Le premier enjeu réside dans les promesses parfois irréalistes qui étaient faites par certains praticiens, n’hésitant pas à présenter une forme de solution miracle aux questions d’innovation. Loin de cela, il s’agit d’une approche de conception centrée usager qui porte en son sein ses limitations : elle est centrée sur… les usagers. Imaginer qu’elle permette de penser l’innovation radicale et systématique est donc fallacieux, et il convient de prendre un peu de hauteur de ce point de vue.
La deuxième question, récurrente, est celle de savoir si l’on peut faire du design thinking sans designers. Pour des écoles de commerce ou d’ingénieurs, ce n’est pas un petit enjeu. La réponse dépend des attentes. Si l’on souhaite développer des concepts et ne pas pousser la conception, peut-être. Et encore. Mais si l’on souhaite développer réellement une offre, le recours aux designers est incontournable. Ils sont les seuls à avoir cette dimension sensible, si spécifique. Et surtout, la conception d’un produit industrialisable est complexe et c’est un métier… Que le design thinking n’enseigne pas.
Ceci nous amène à la troisième critique récurrente : en proposant de travailler sur des concepts ou des maquettes, le design thinking permet de soutenir la créativité au sein d’une organisation. Mais combien de produits sont ensuite réellement mis sur le marché ? Sur tous les workshops, hackathons et autres ateliers de co-création initiés au sein des organisations, quel est le pourcentage d’idées qui va un jour finir sur le marché ? De ce point de vue, il y a une forme d’incompréhension : la créativité sous-jacente au design thinking n’est pas équivalente à l’innovation, qui est l’exécution d’une idée (sa mise sur le marché). Or, entre ces idées et le marché, le design thinking ne fait souvent pas son travail de pont. Ce qui amène d’ailleurs de nombreuses ETI françaises à fermer leurs labs innovation, qui n’étaient en fait que des labs de créativité.

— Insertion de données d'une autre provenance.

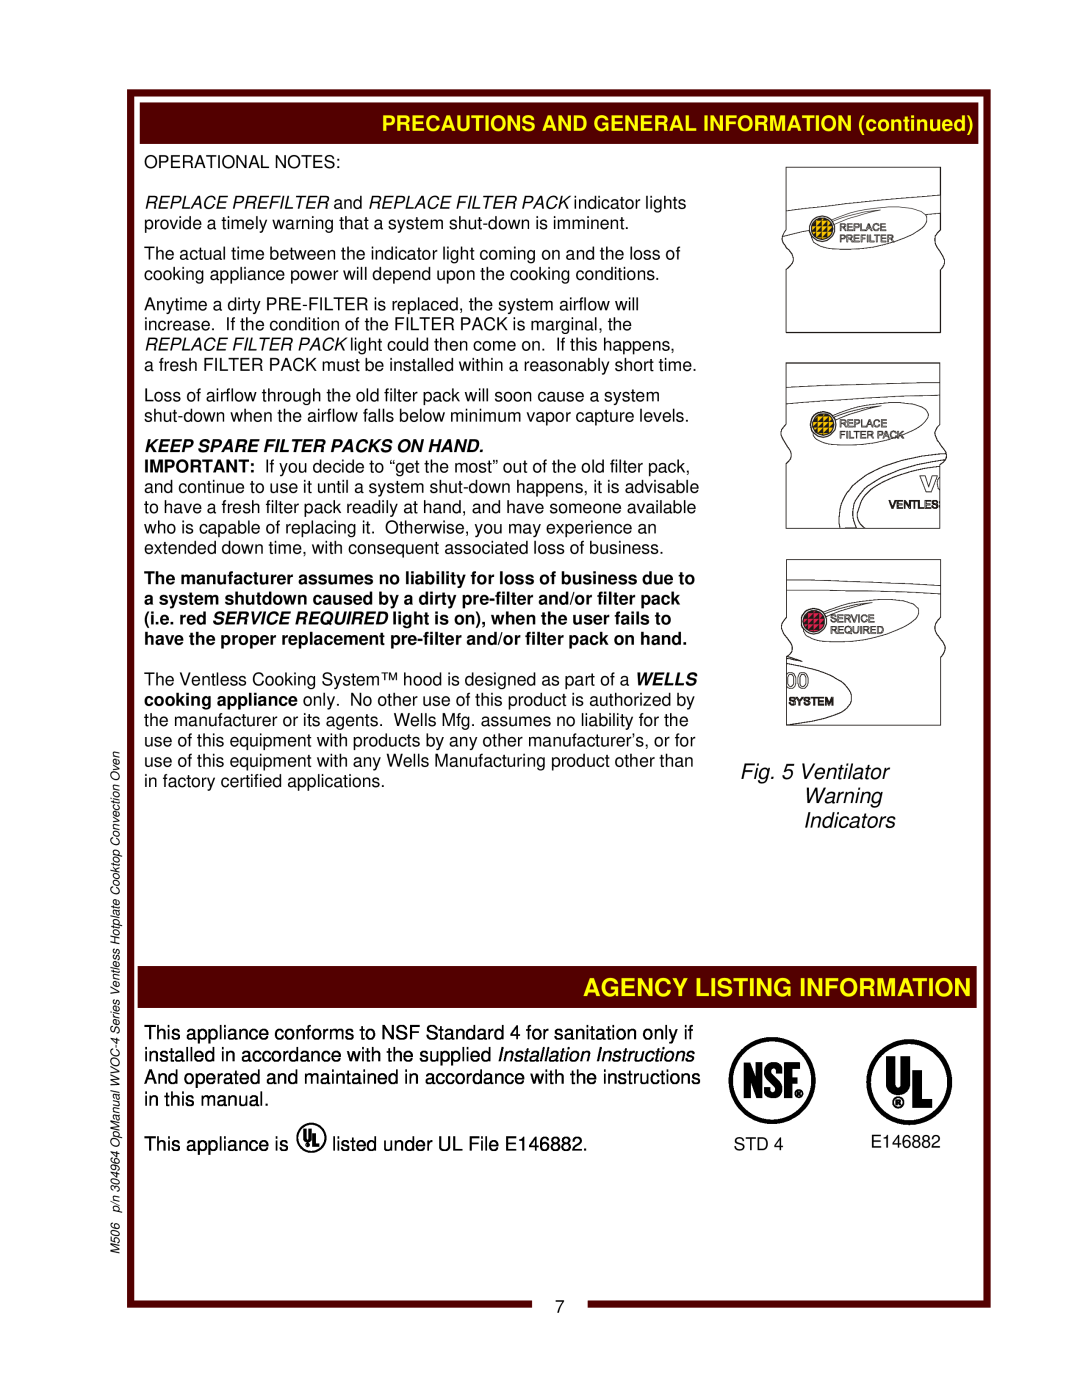 Wells WVOC-4HS operation manual Ventilator, Indicators

Finalement, la dimension centrée usager de l’approche se trouve trop souvent limitée à la création de personas « hors sols » et qui sont censés représenter les enjeux usagers. De ce point, le marketing a beaucoup à apprendre au design dans la rigueur de l’immersion, la définition des usages et la segmentation qui en suit. C’est finalement peut-être l’élément le plus important : comment légitimer l’intérêt d’une démarche d’innovation centrée usager lorsque l’élément central est si souvent traité à la va-vite. Derrière les exemples récurrents et médiatiques de personnes « vivant la vie de leurs usagers », combien d’étudiants ont réellement été mis en situation de se mettre à la place d’un pompier ou d’un ouvrier, sur une durée longue, et dans un cadre proche du réel ?
Le design thinking est une superbe approche, qui a un énorme potentiel, et qui a permis de hisser le design là où il n’était pas présent auparavant. Il risque cependant de se retrouver relégué à une démarche de seconde zone avec des promesses parfois trop élevées et une exigence dans la pratique qui est parfois bien faible.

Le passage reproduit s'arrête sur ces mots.